Look, I get it. I’ve worked as a stand-in on a show called “How To Get Away With Murder,” and I have had many conversations with attorneys who say that the show is too sensational, especially in the courtroom. I’m like, “Thank goodness the creator of the show doesn’t depend on you to write their episodes. We’d be bored out of our minds!” They are the same people who can’t suspend disbelief long enough to get past the fact that when Bruce Banner changes into the Hulk, he’s always in those purple short-pants, instead of being nude.
We are writing fiction, aren’t we? We create a way for the reader to escape reality and travel to worlds of fantasy, science fiction, dystopia, and horror. Still, when writing about characters and stories involving mental health, shouldn’t we ask questions that breathe life into the “who, what, when, and how” of the tropes we use?
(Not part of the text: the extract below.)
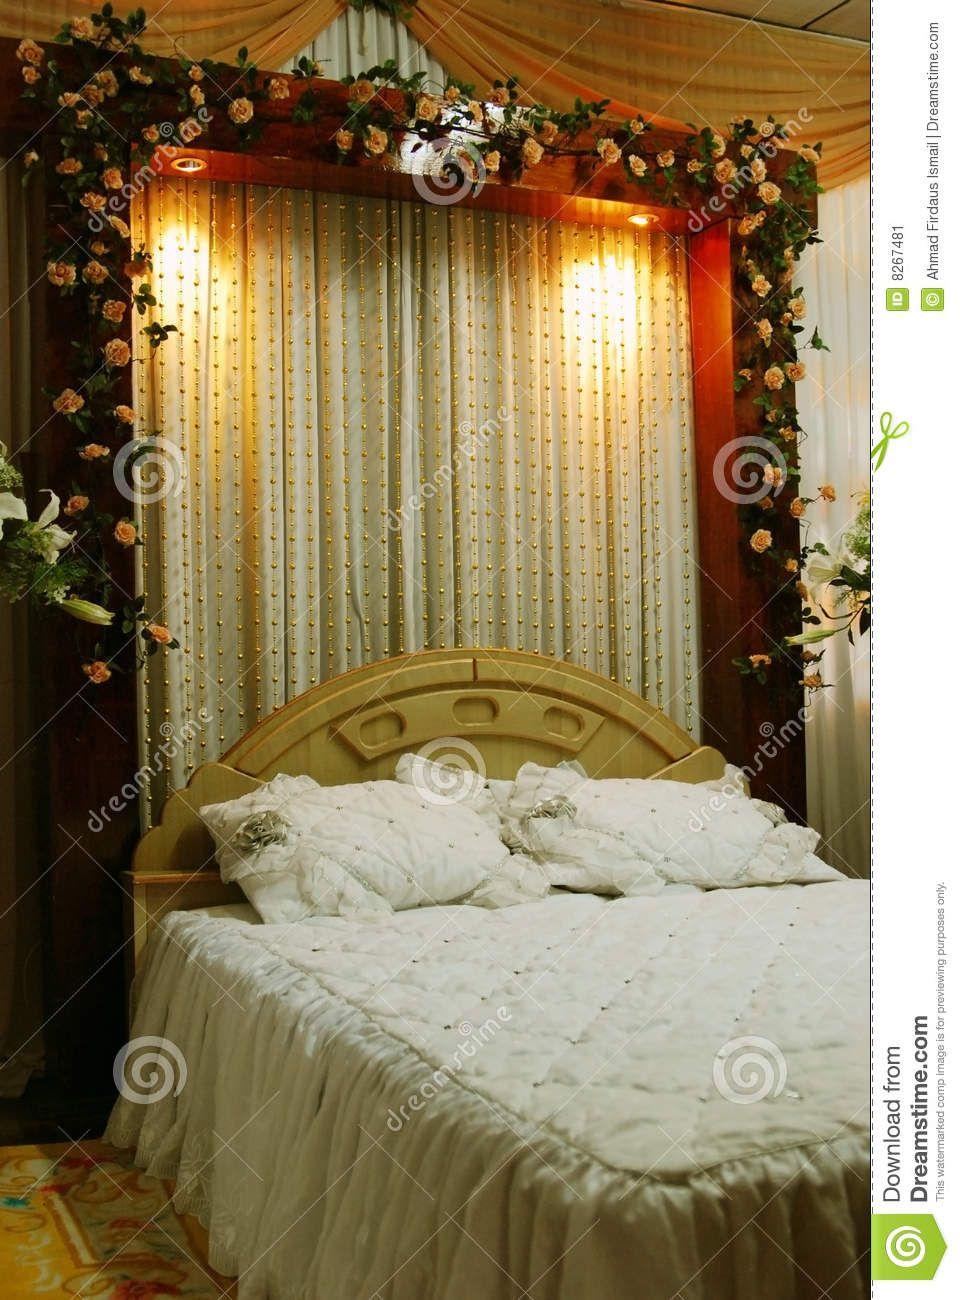 Wedding room decoration ideas  Pin by Linda Siddik on Dekorasi rumah  Pinterest  Banquet
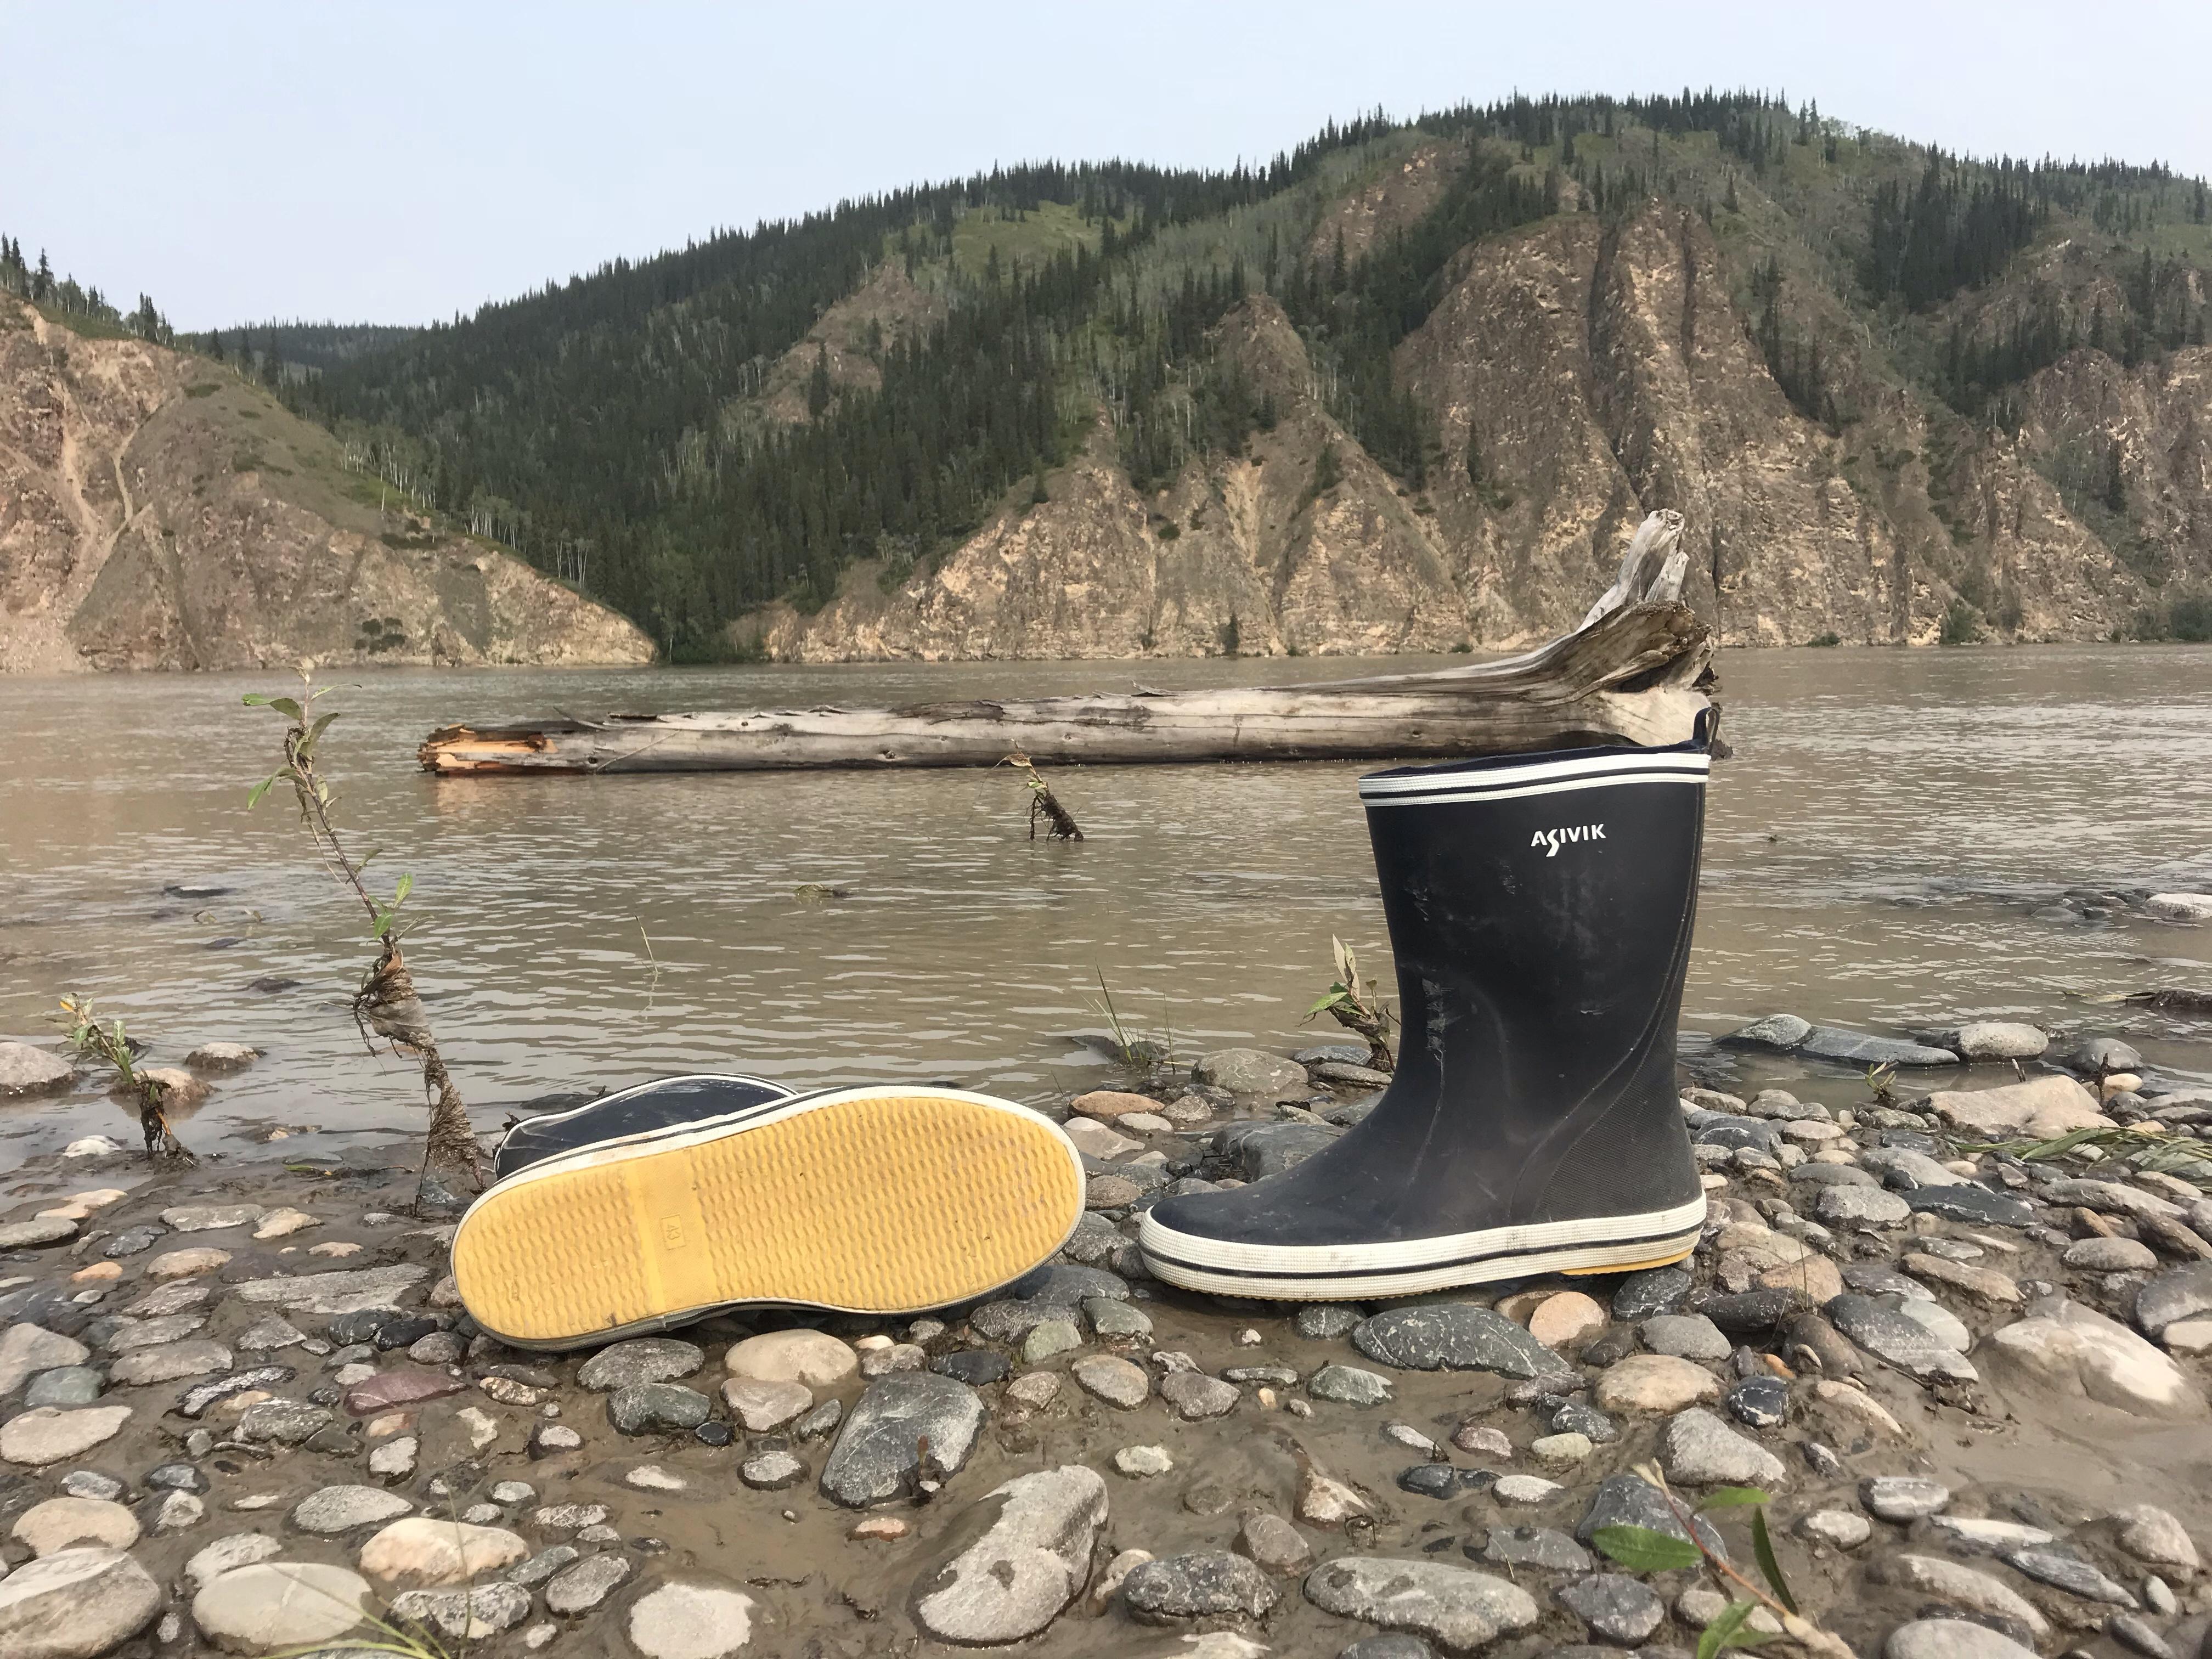 Efterstræbte Asivik gummistøvler - anmeldelse - UtmedKnut ST-85

So how do we get it right?
Here are some facts to know about mental illness by Kathleen S. Allen, an author who also has a Doctor of Nursing Practice degree (which is a clinical doctorate):
- Having depression doesn’t mean your character can’t still have fun or laugh or be social.
- A character who has bipolar disorder may have manic episodes or they may not. Bipolar disorder has a spectrum of symptoms from moderate depression to severe.
- No one who has Dissociative Identity Disorder (formerly called split personality) would kill someone when they are in one of their alter personality states unless the core personality would also kill.
- Your character would not have amnesia after killing someone. The disorder is rare, and some medical professionals don’t believe it exists at all, so be careful using it.
- Talking about suicide does not mean your character will push the person into attempting suicide. It was already on their mind.
- Your characters don’t stop hearing voices immediately after taking anti-psychotic medication.
- Sometimes, they won’t stop at all. It may take weeks to months for the meds to work. If they are having a psychotic episode, it would be difficult, if not impossible, to function in their daily lives by going to school, work, maintaining a romantic relationship, or maintaining any relationship. Psychotic patients are not dangerous. Are there exceptions? Yes. But as a general rule, they aren’t.
- In conclusion, one of my biggest takeaways from researching horror writing for Mental Health Awareness Month was some of the things we shouldn’t do.
- For example, unless your character is politically incorrect, don’t describe suicide as an “epidemic”, “skyrocketing,” or other exaggerated terms.
- Use words such as “higher rates” or “rising.” Don’t describe suicide as “without warning” or “inexplicable.”
- Do convey that the character exhibited warning signs.
- Don’t refer to suicide as “unsuccessful” or “failed attempt,” or report it as though it were a crime. Do say, “died by suicide,” “killed him/herself,” and instead of presenting the act like a crime, write about suicide in your story as a public health issue.
Hopefully, as horror authors, we can continue to scare the jeebies out of our readers, but at the same time, create a story which accurately exhibits archetypes of mentally ill characters, whether they are mad scientists, psychopathic serial killers, or characters with dissociative identity disorders that assume their mother’s personality.
Nzondi (Ace Antonio Hall) is an American science fiction and horror author. His novel Oware Mosaic won the Bram Stoker Award for Superior Achievement in Young Adult fiction, the most prestigious award given to horror writers in the world. He is the first African-American to win in a novel category, including the YA novel category.
A former director of education for NYC schools and the Sylvan Learning Center, the award-winning educator earned a BFA from Long Island University. Nzondi is currently bi-coastal, living in New York and Los Angeles.